What this task involves » Copy the lines below word for word, skipping any image.

Source data »
★ ★ ★ ★ ★

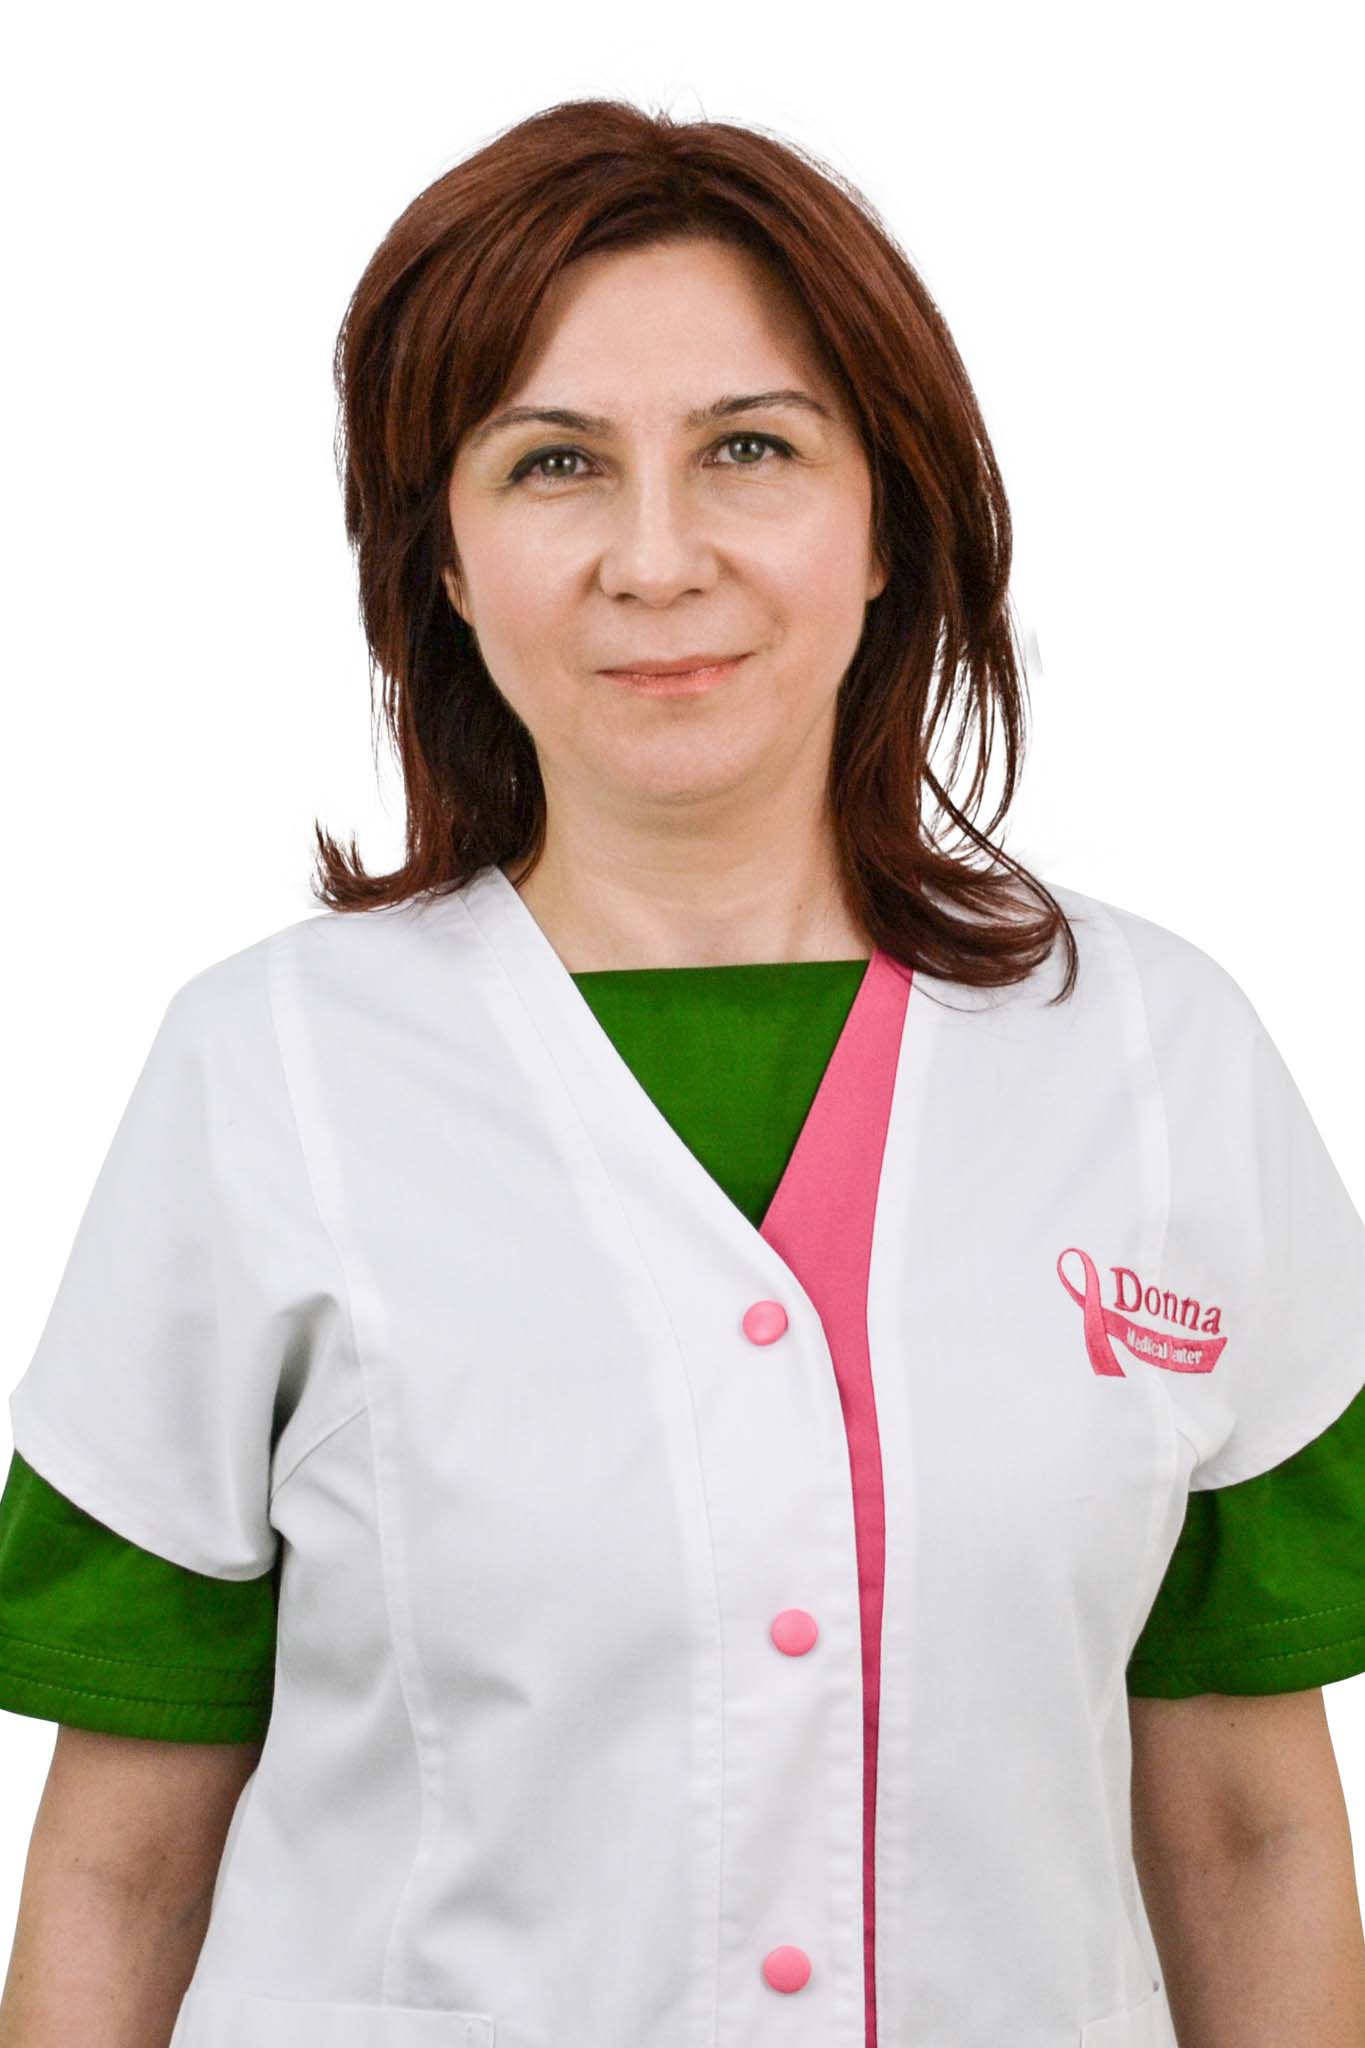 Dr. Nicole Cuturela
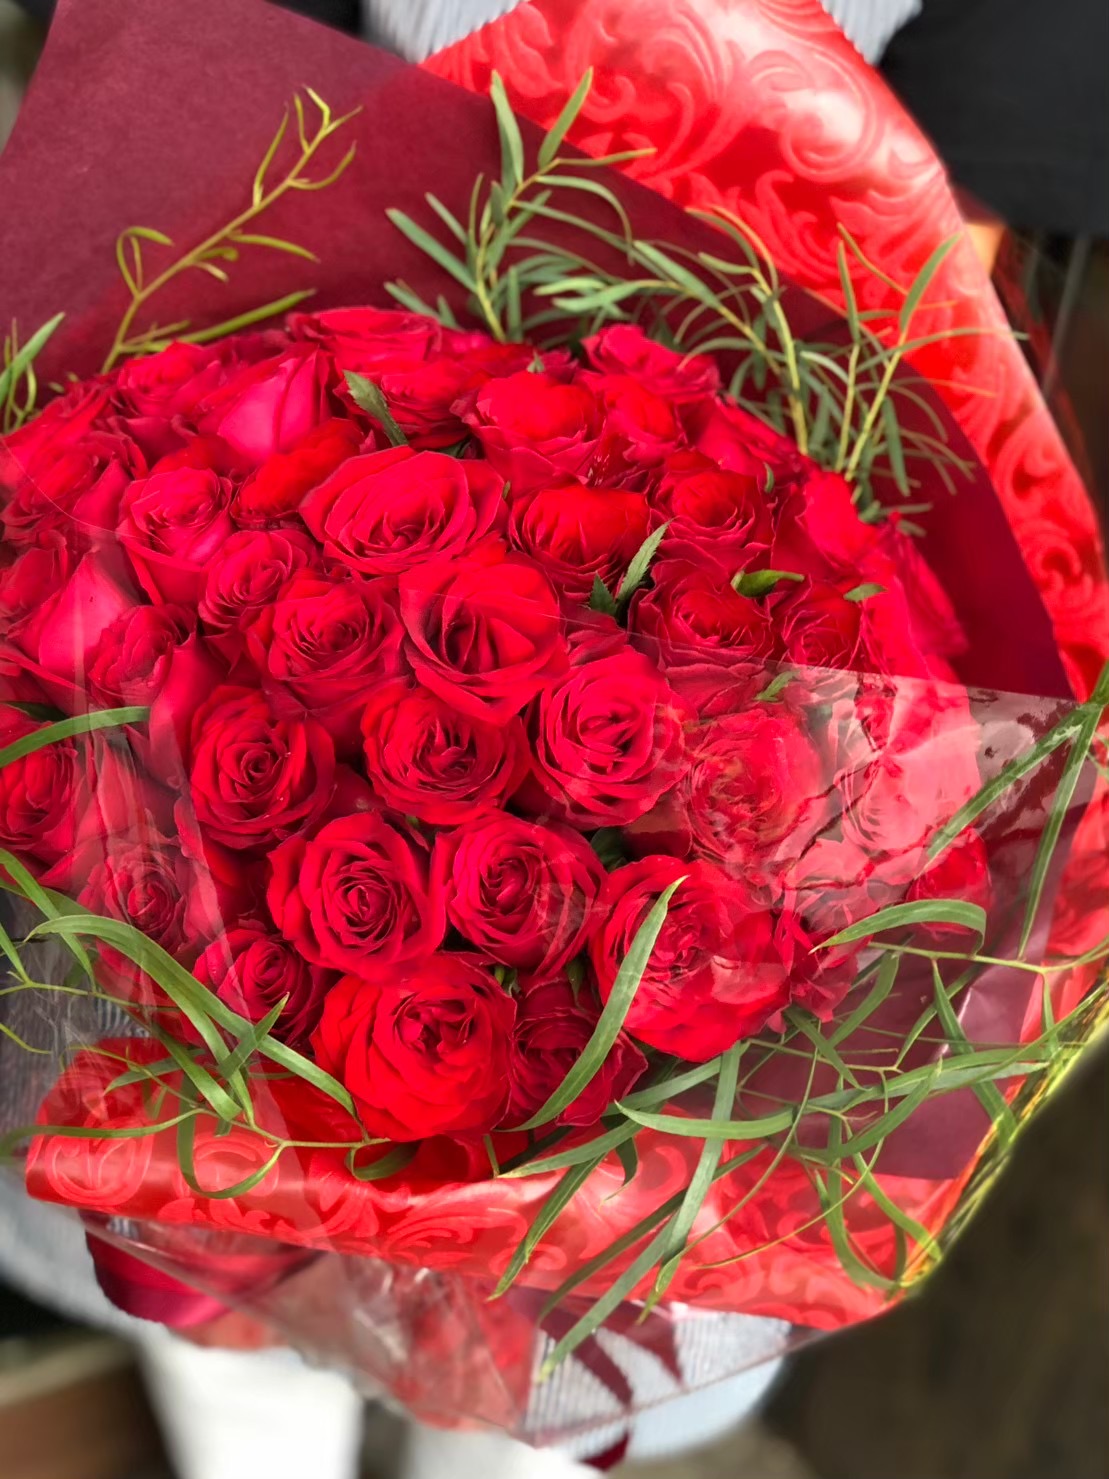 【プロポーズ】赤いバラ50本の花束
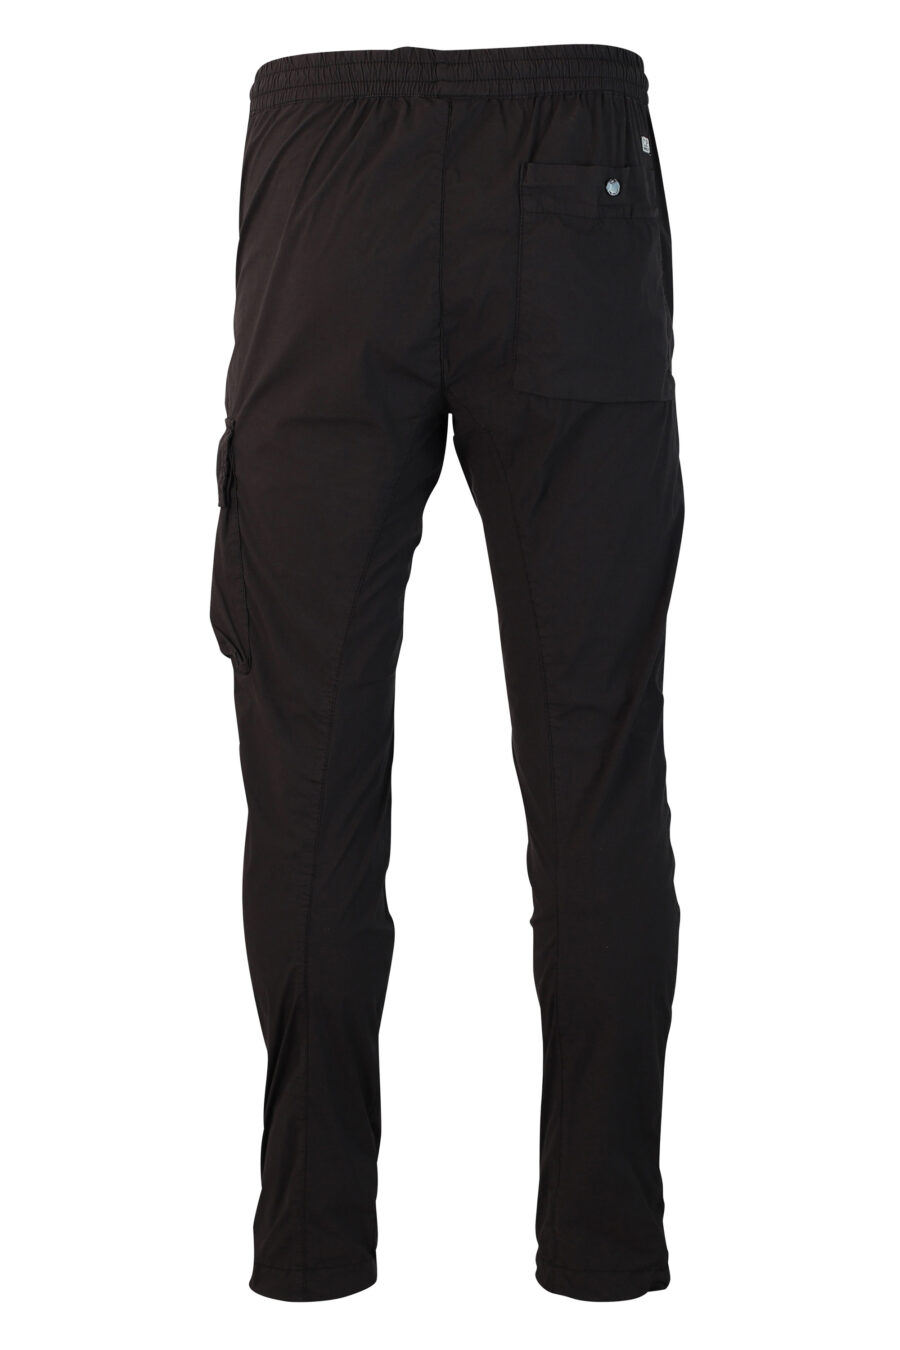 Pantalón negro con minilogo circular lateral - IMG 9915 1

★ ★ ★ ★ ★

Result of the exercise »
 Dr. Nicole Cuturela
 【プロポーズ】赤いバラ50本の花束
 Pantalón negro con minilogo circular lateral - IMG 9915 1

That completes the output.